Task to carry out
All the data that follows should be repeated exactly, without a single picture.

Exercise data

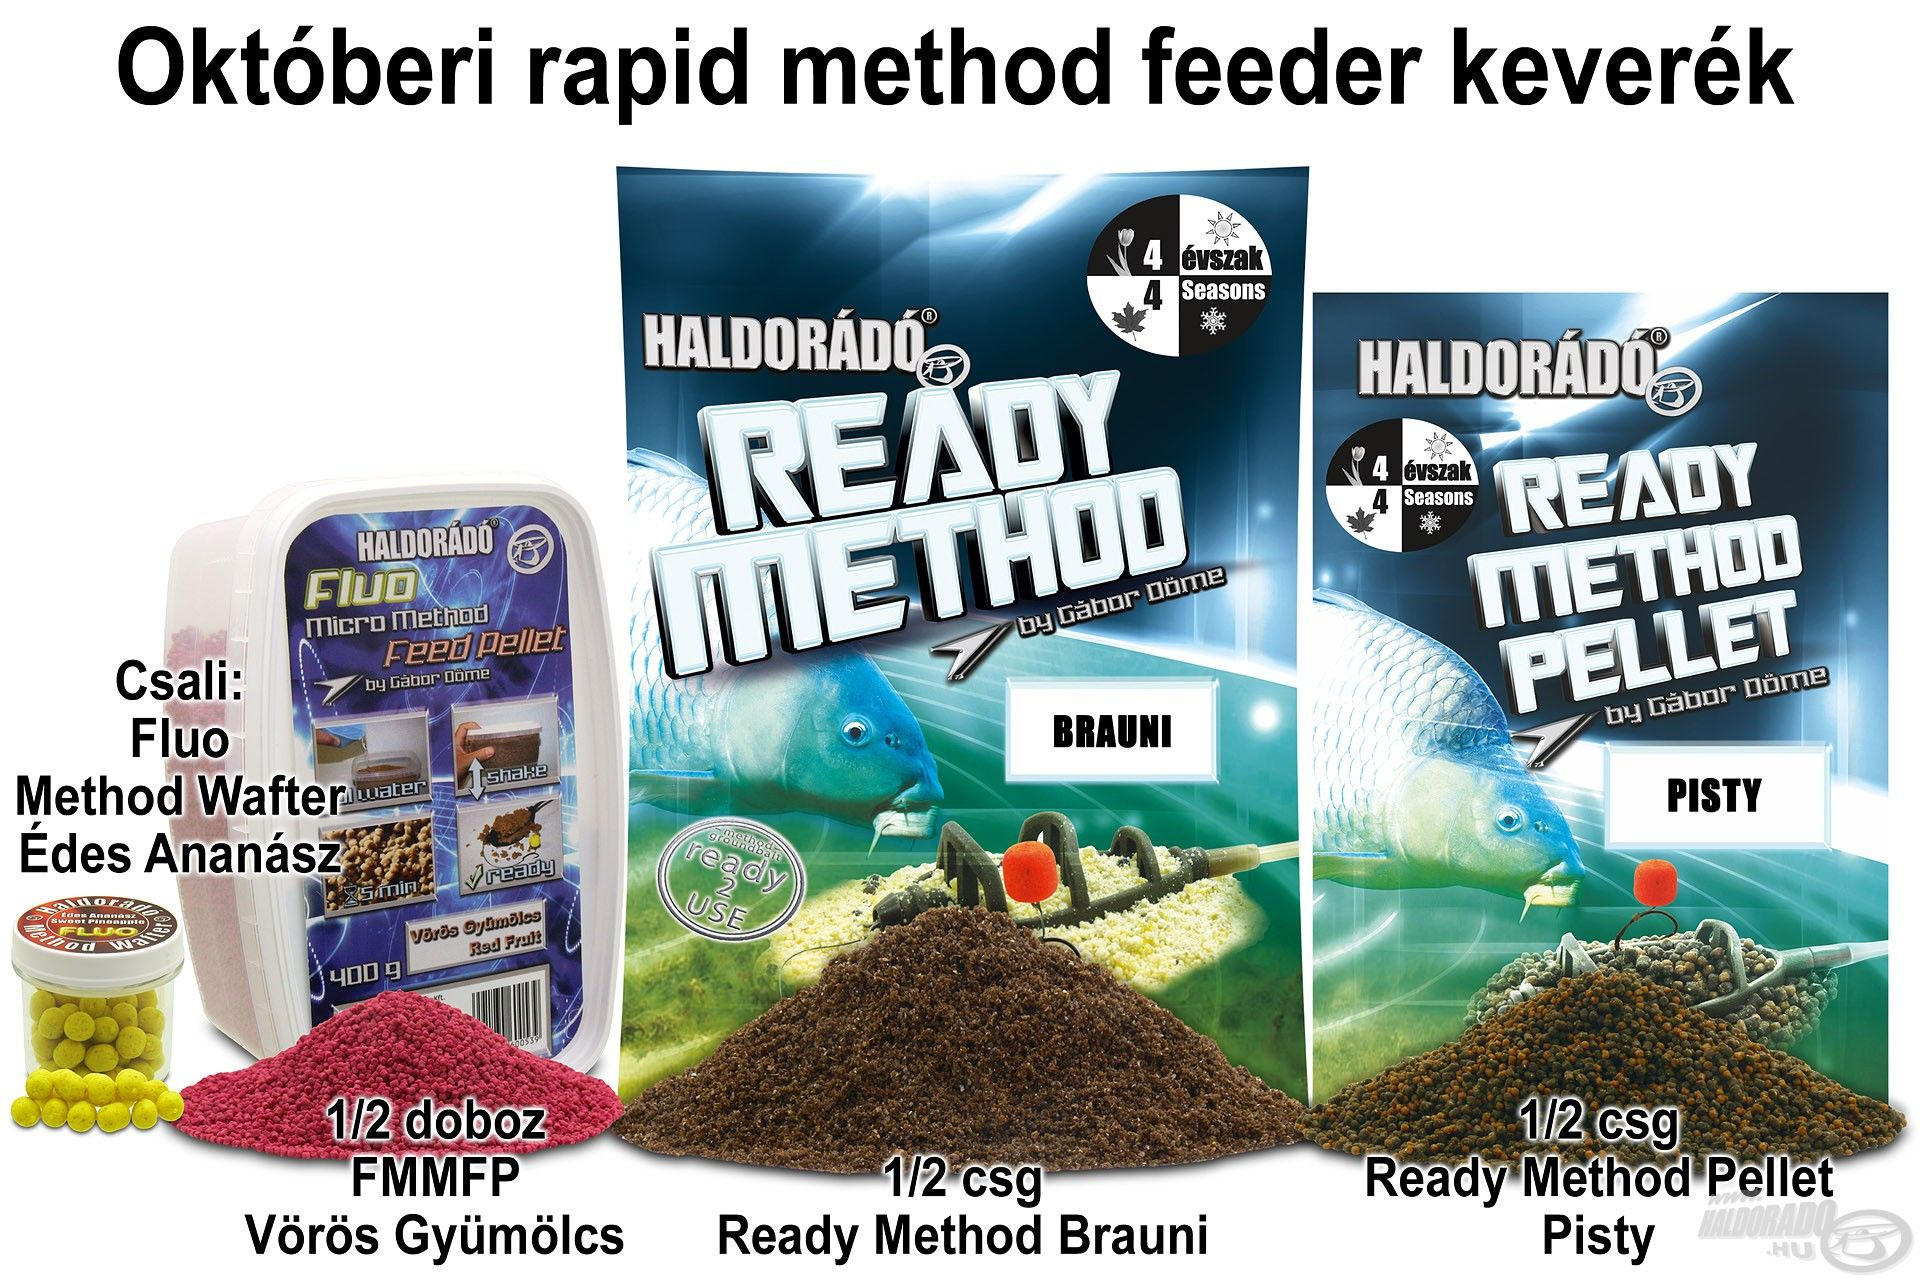 Októberi rapid method feeder keverék
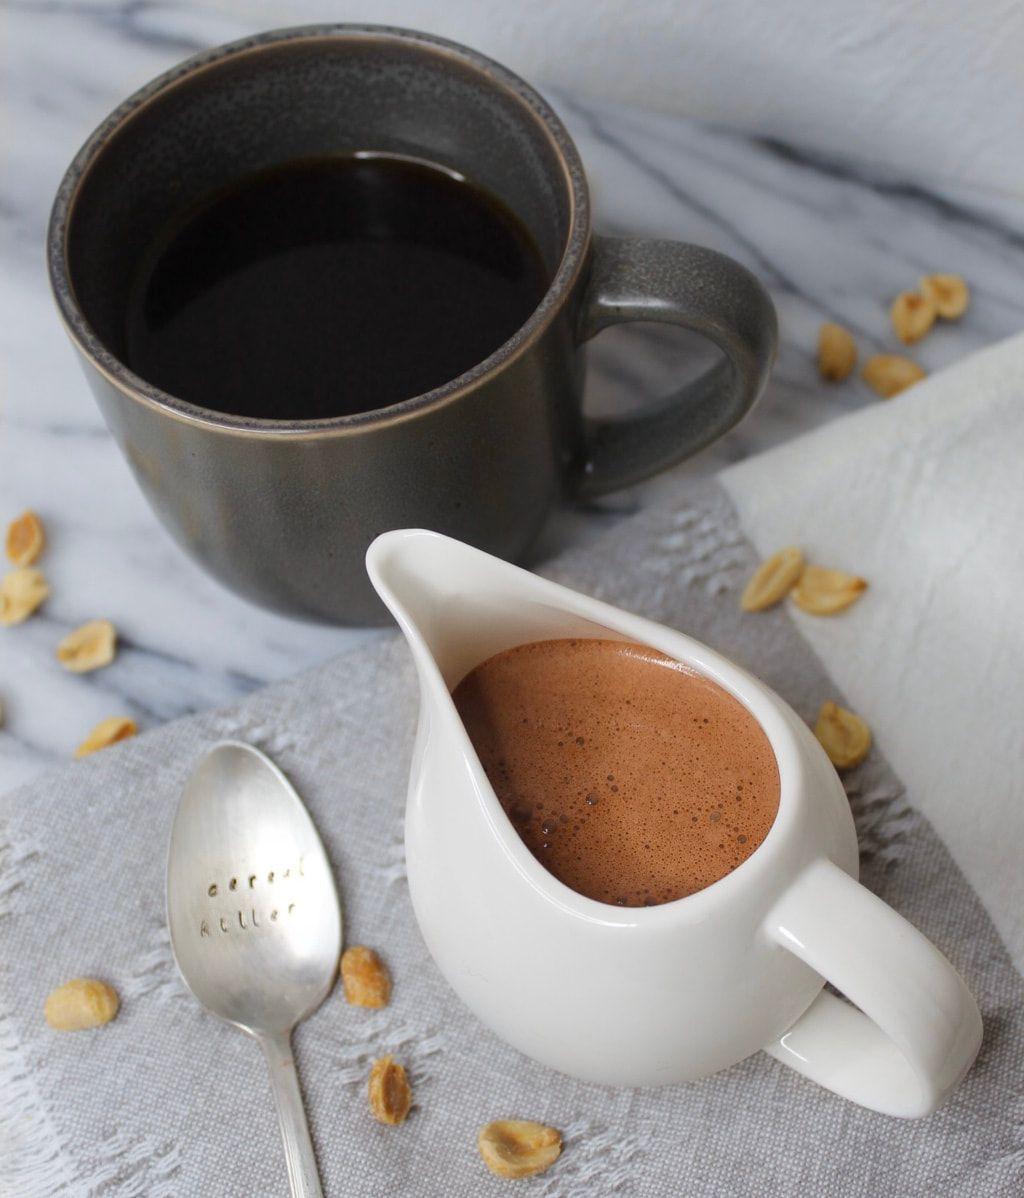 Vegan Peanut Butter Cup Oat Milk Coffee Creamer Vegan
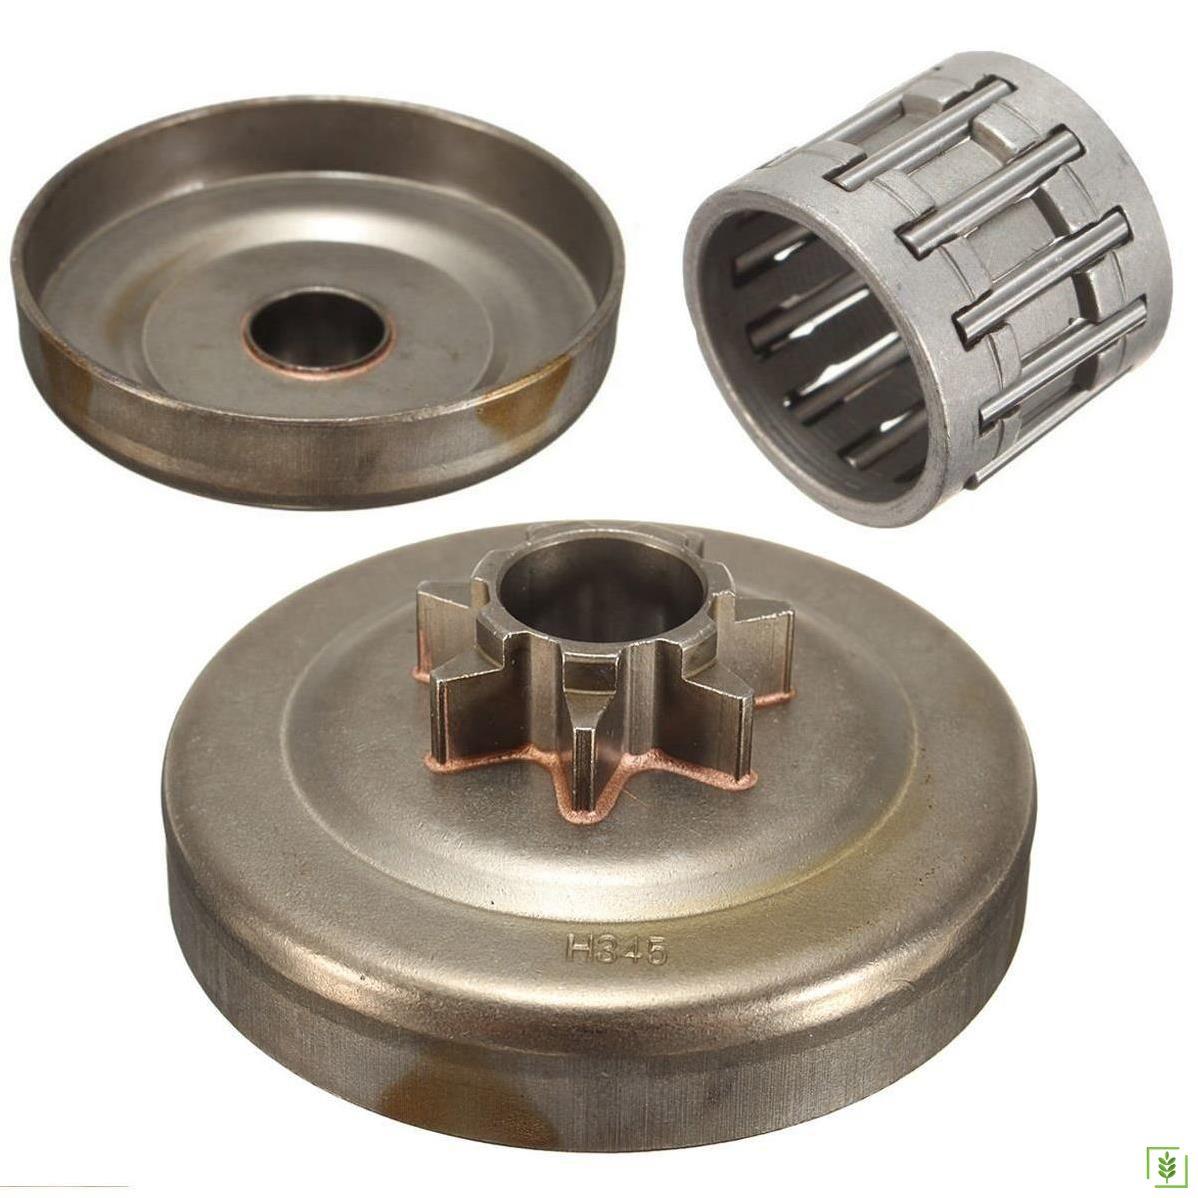 İtal Zincir Dişlisi Sabit - Ms 170 / Ms 180 / Ms 210 / Ms 230

Result of the task
 Októberi rapid method feeder keverék
 Vegan Peanut Butter Cup Oat Milk Coffee Creamer Vegan
 İtal Zincir Dişlisi Sabit - Ms 170 / Ms 180 / Ms 210 / Ms 230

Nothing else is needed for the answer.